▸ **PROVIDED MATERIAL**:
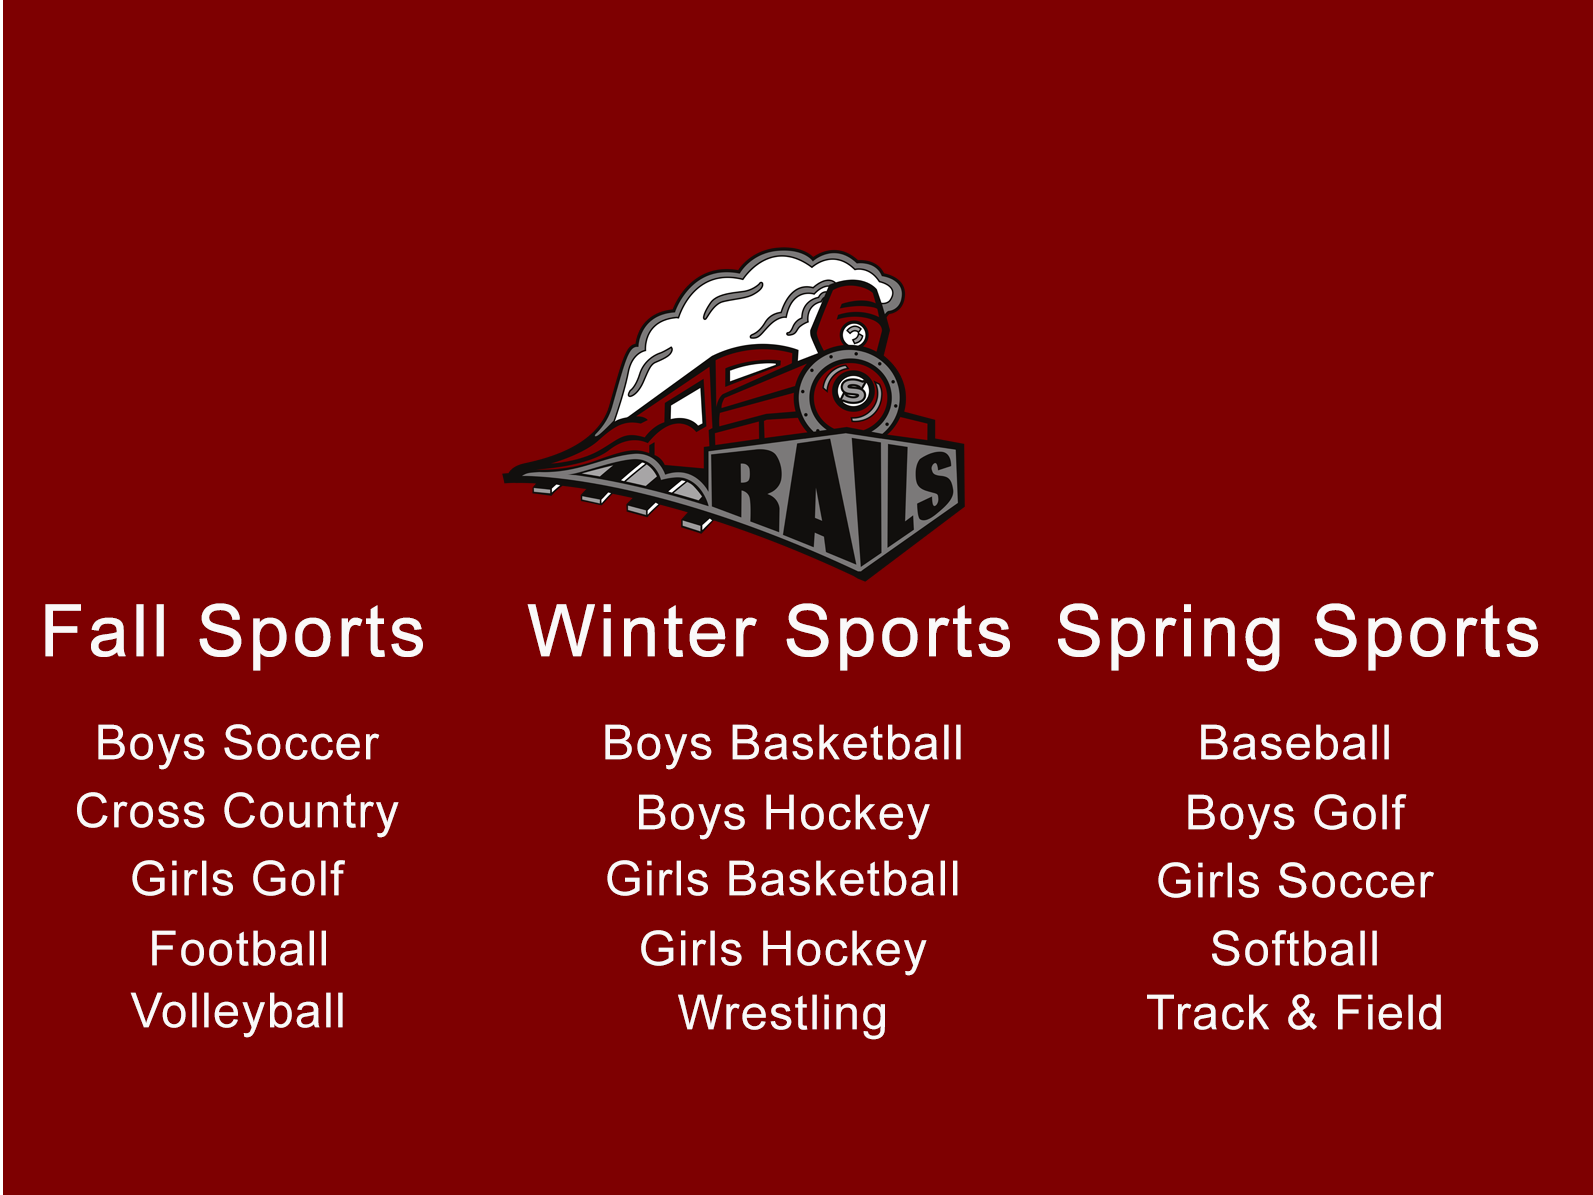 Sports offered at Spooner High School
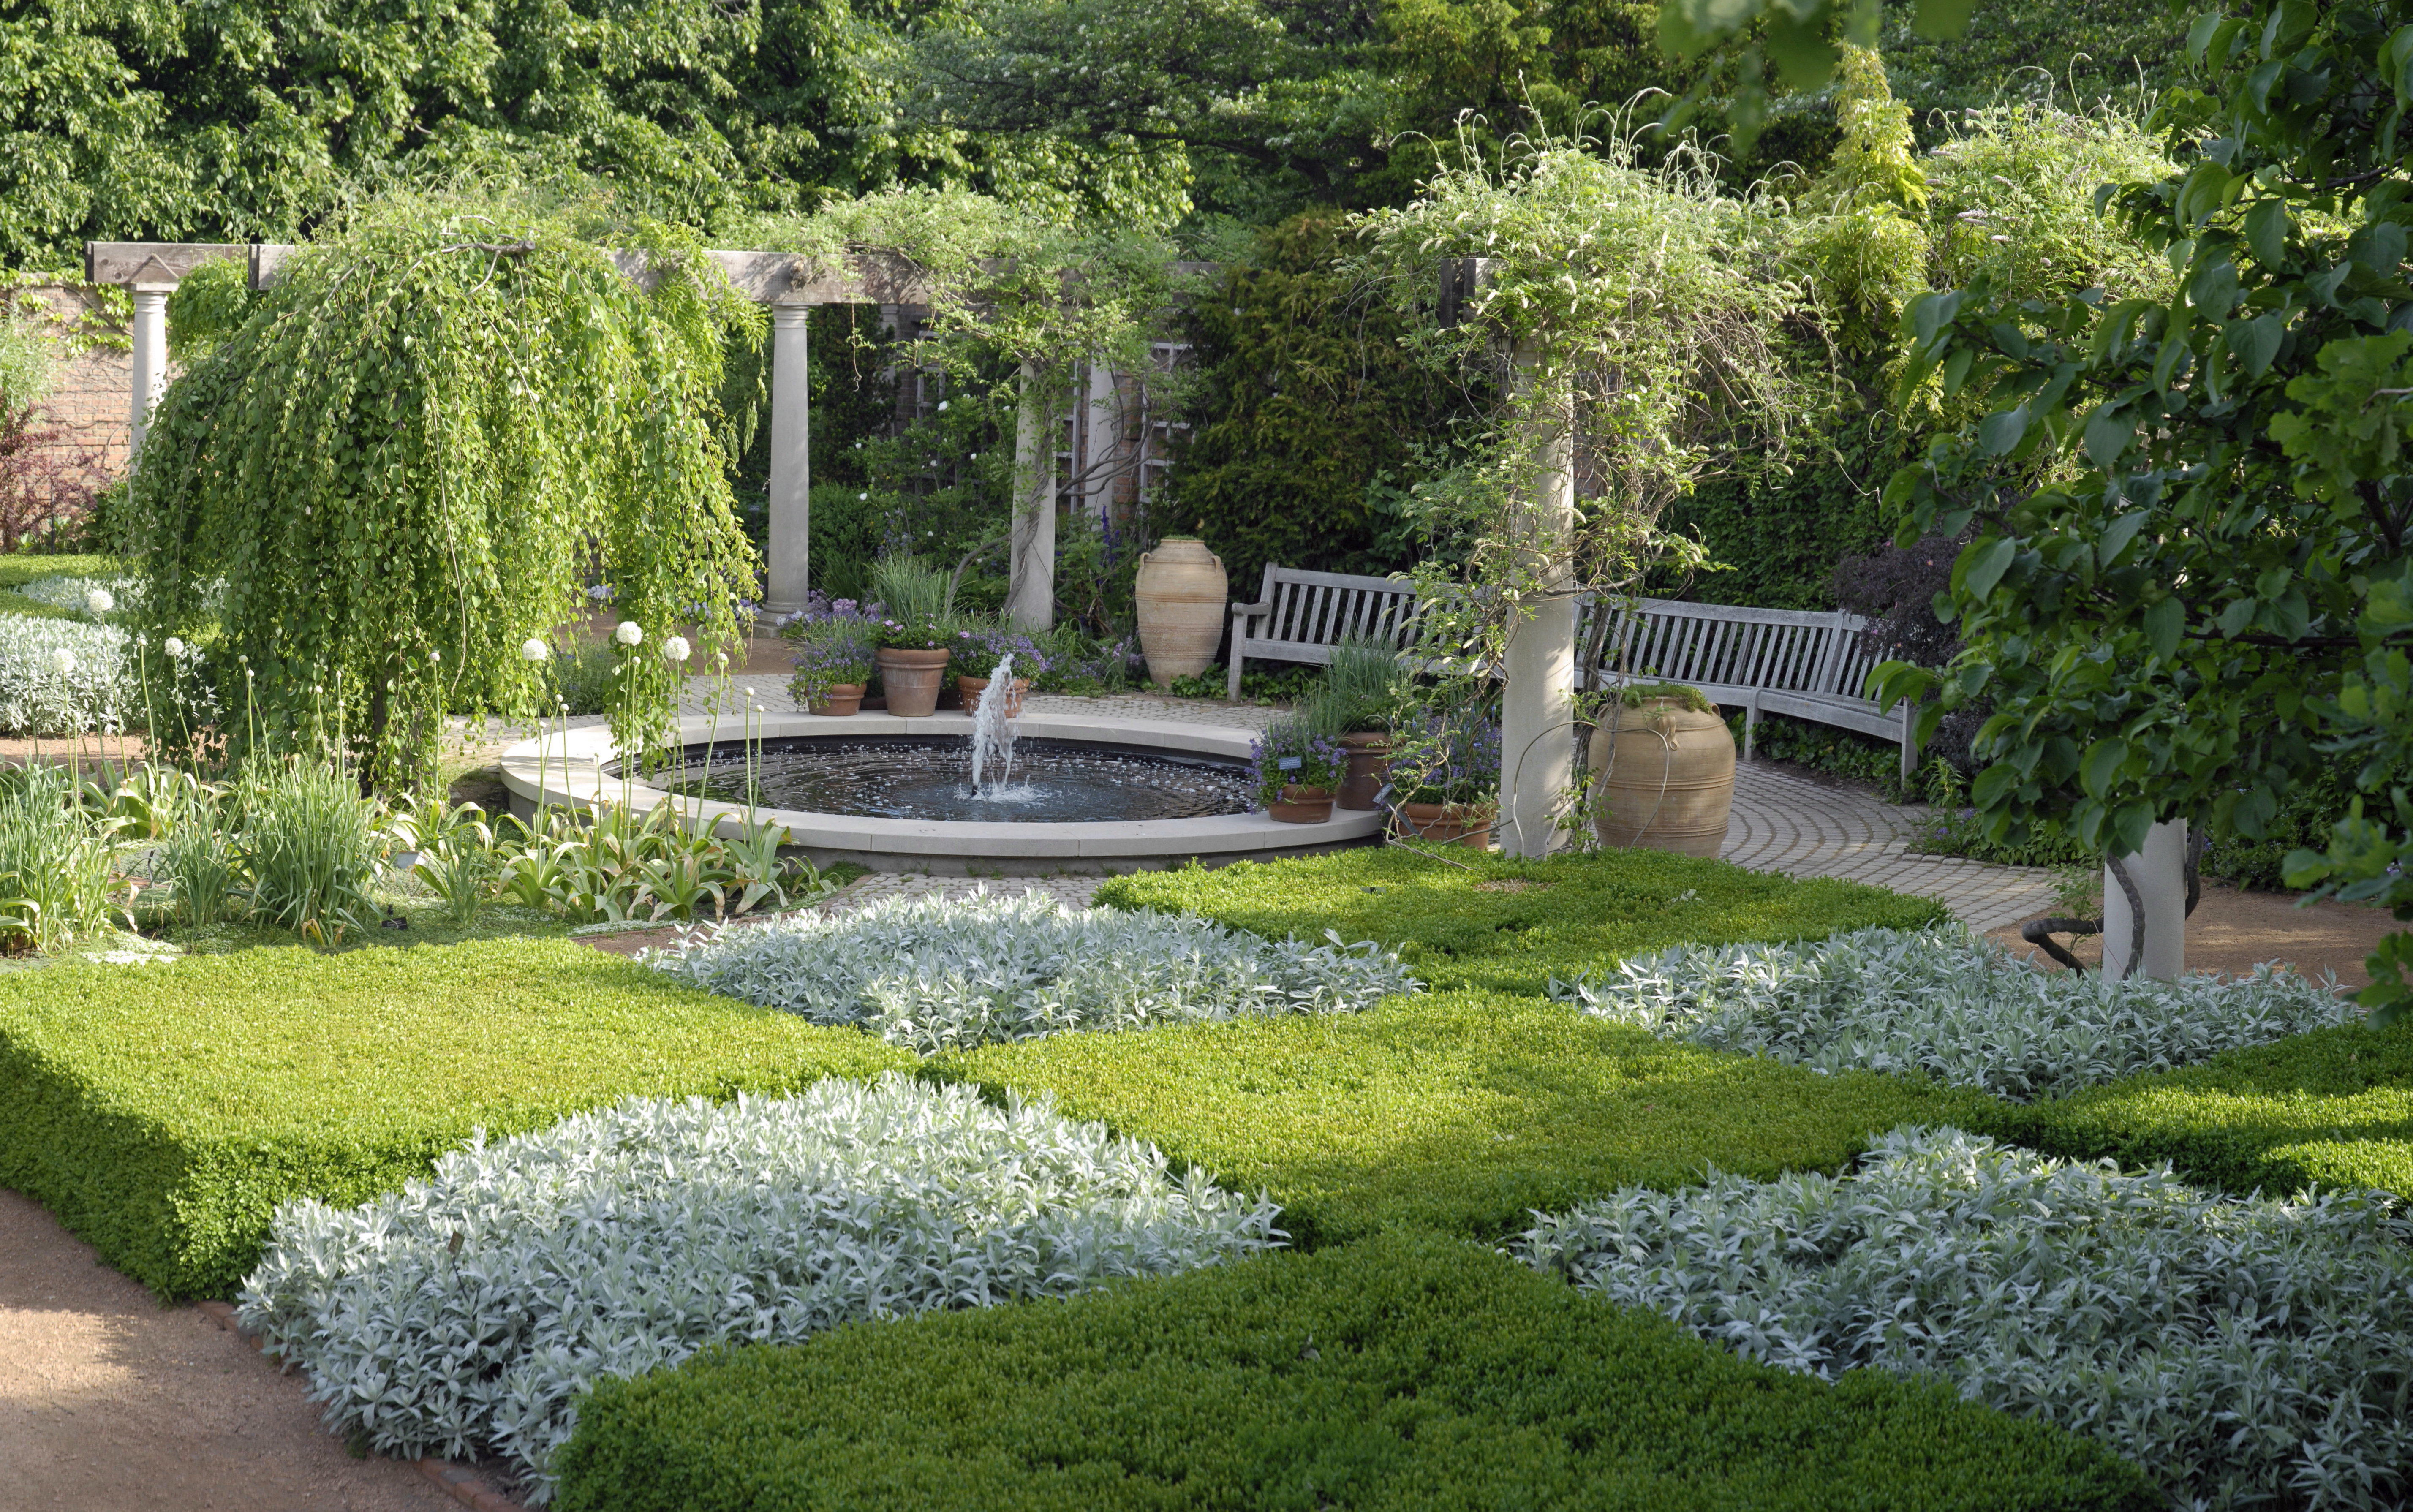 Garden Housecalls - See Gardens of the Upper Midwest, Featuring Chicago
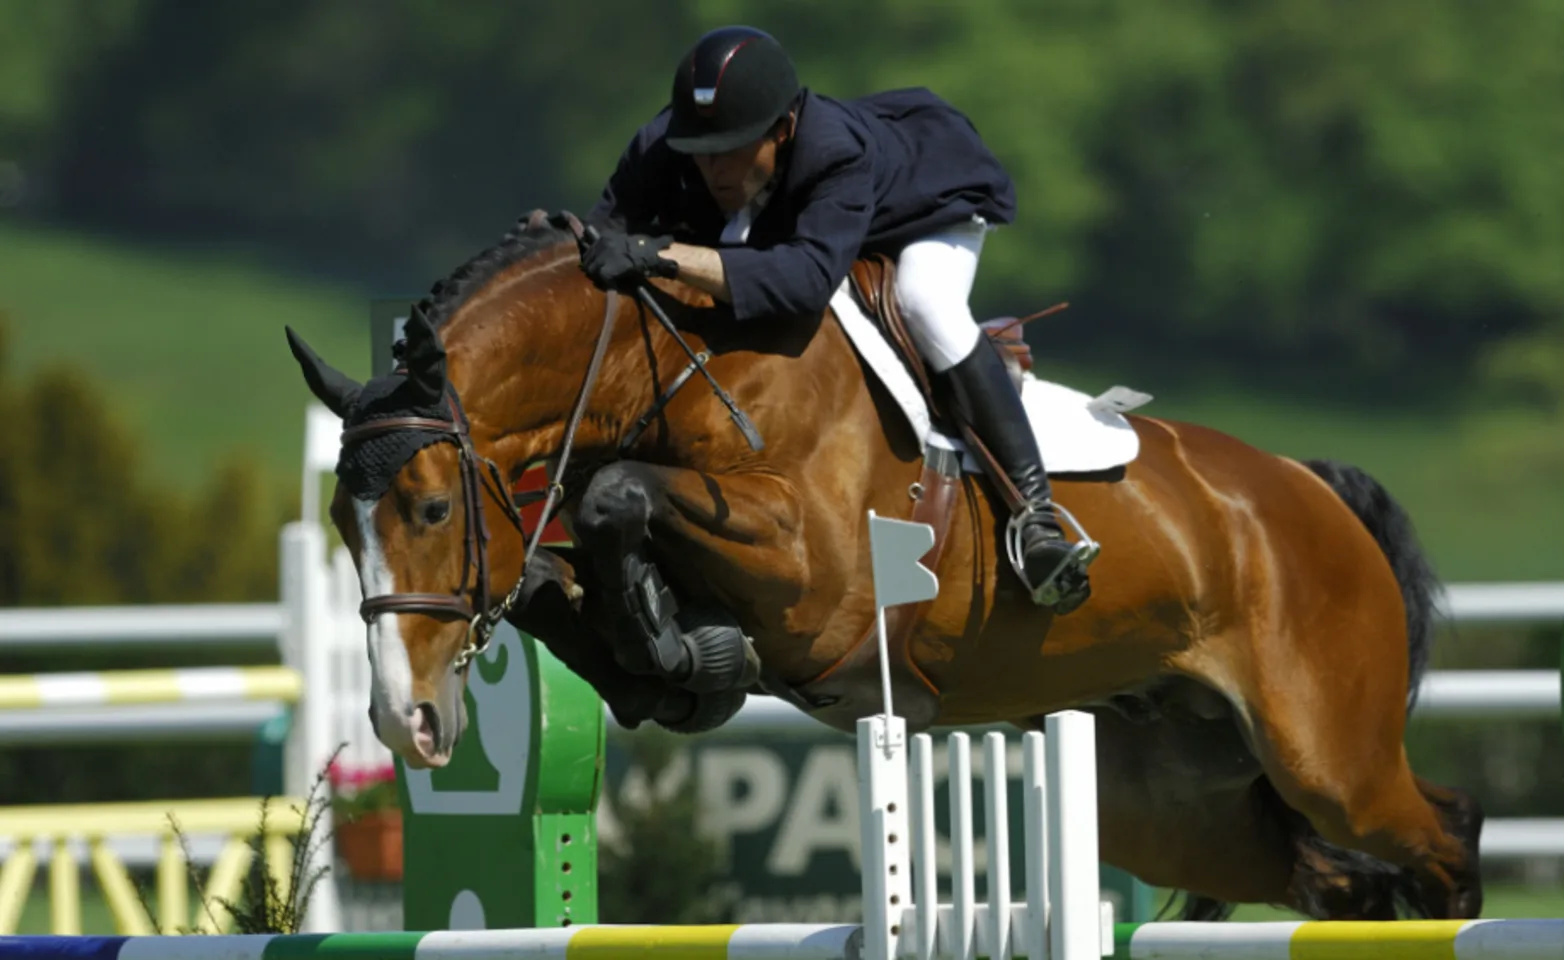 Rider with Horse Jumping During a Show
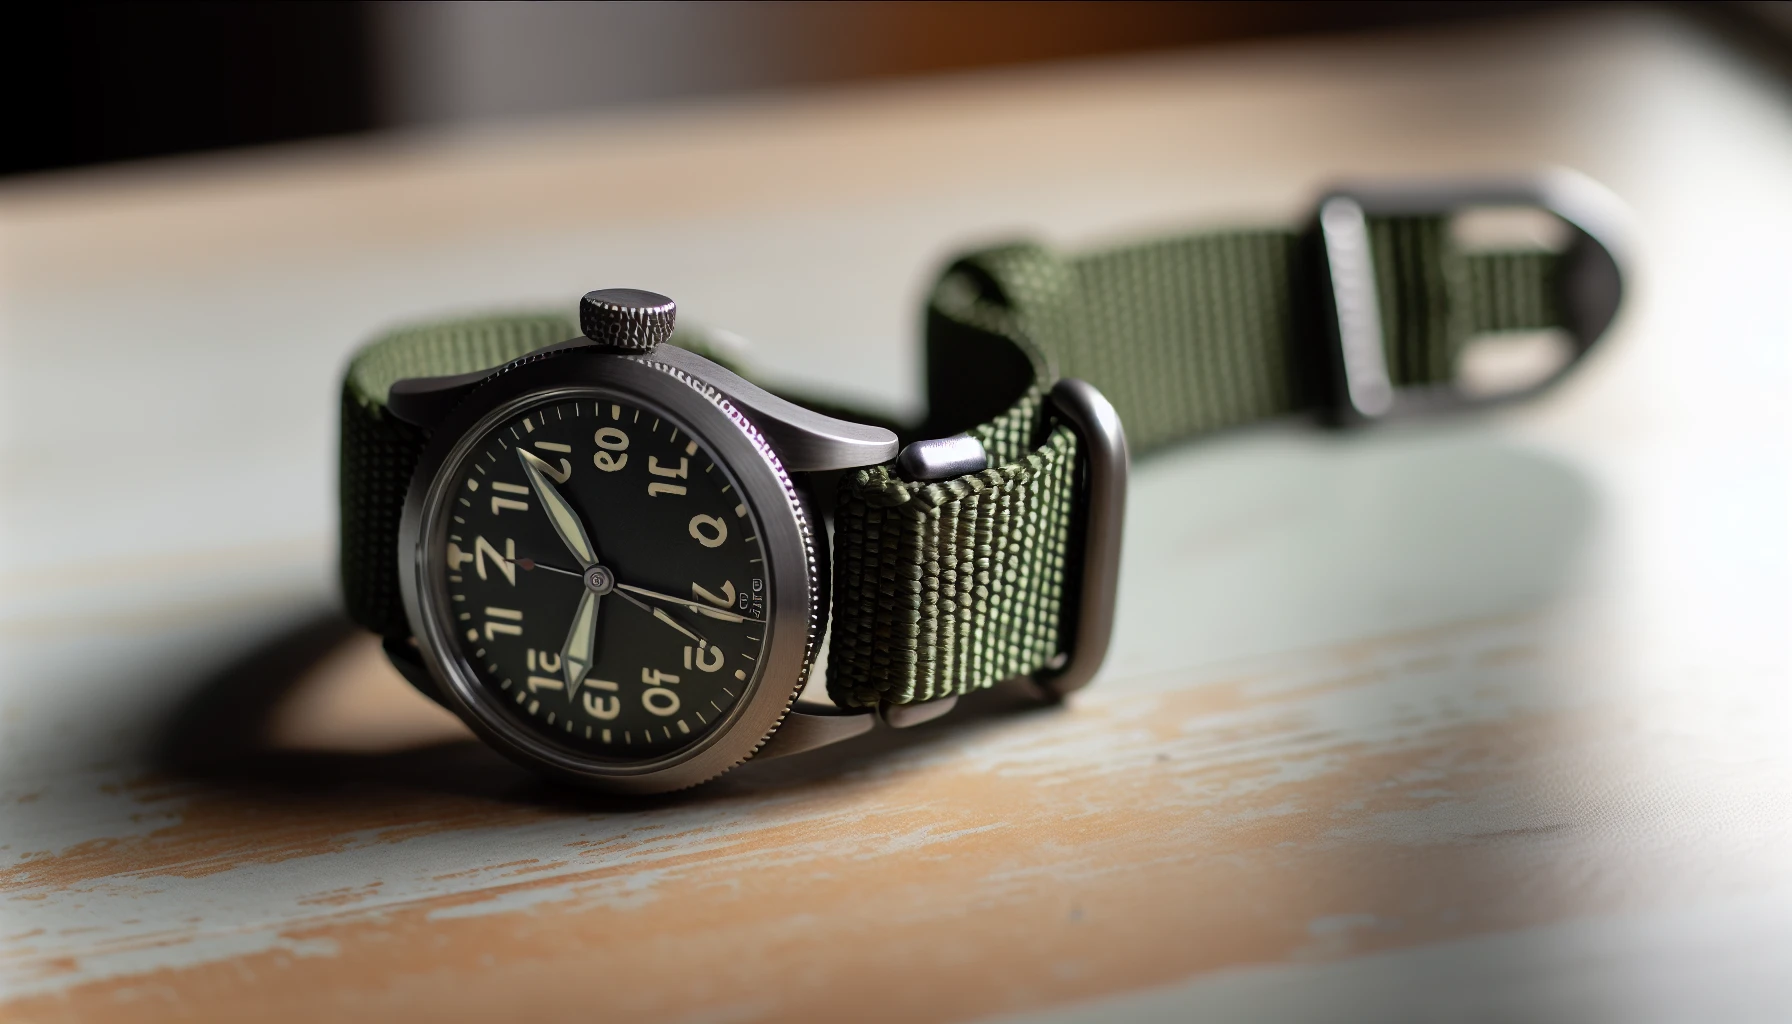 Vintage military watch with a green NATO strap

▸ **ASSIGNMENT**: The output has to match the data above line for line, except that pictures are dropped.

▸ **ANSWER FOR THIS EXERCISE**:
 Sports offered at Spooner High School
 Garden Housecalls - See Gardens of the Upper Midwest, Featuring Chicago
 Rider with Horse Jumping During a Show
 Vintage military watch with a green NATO strap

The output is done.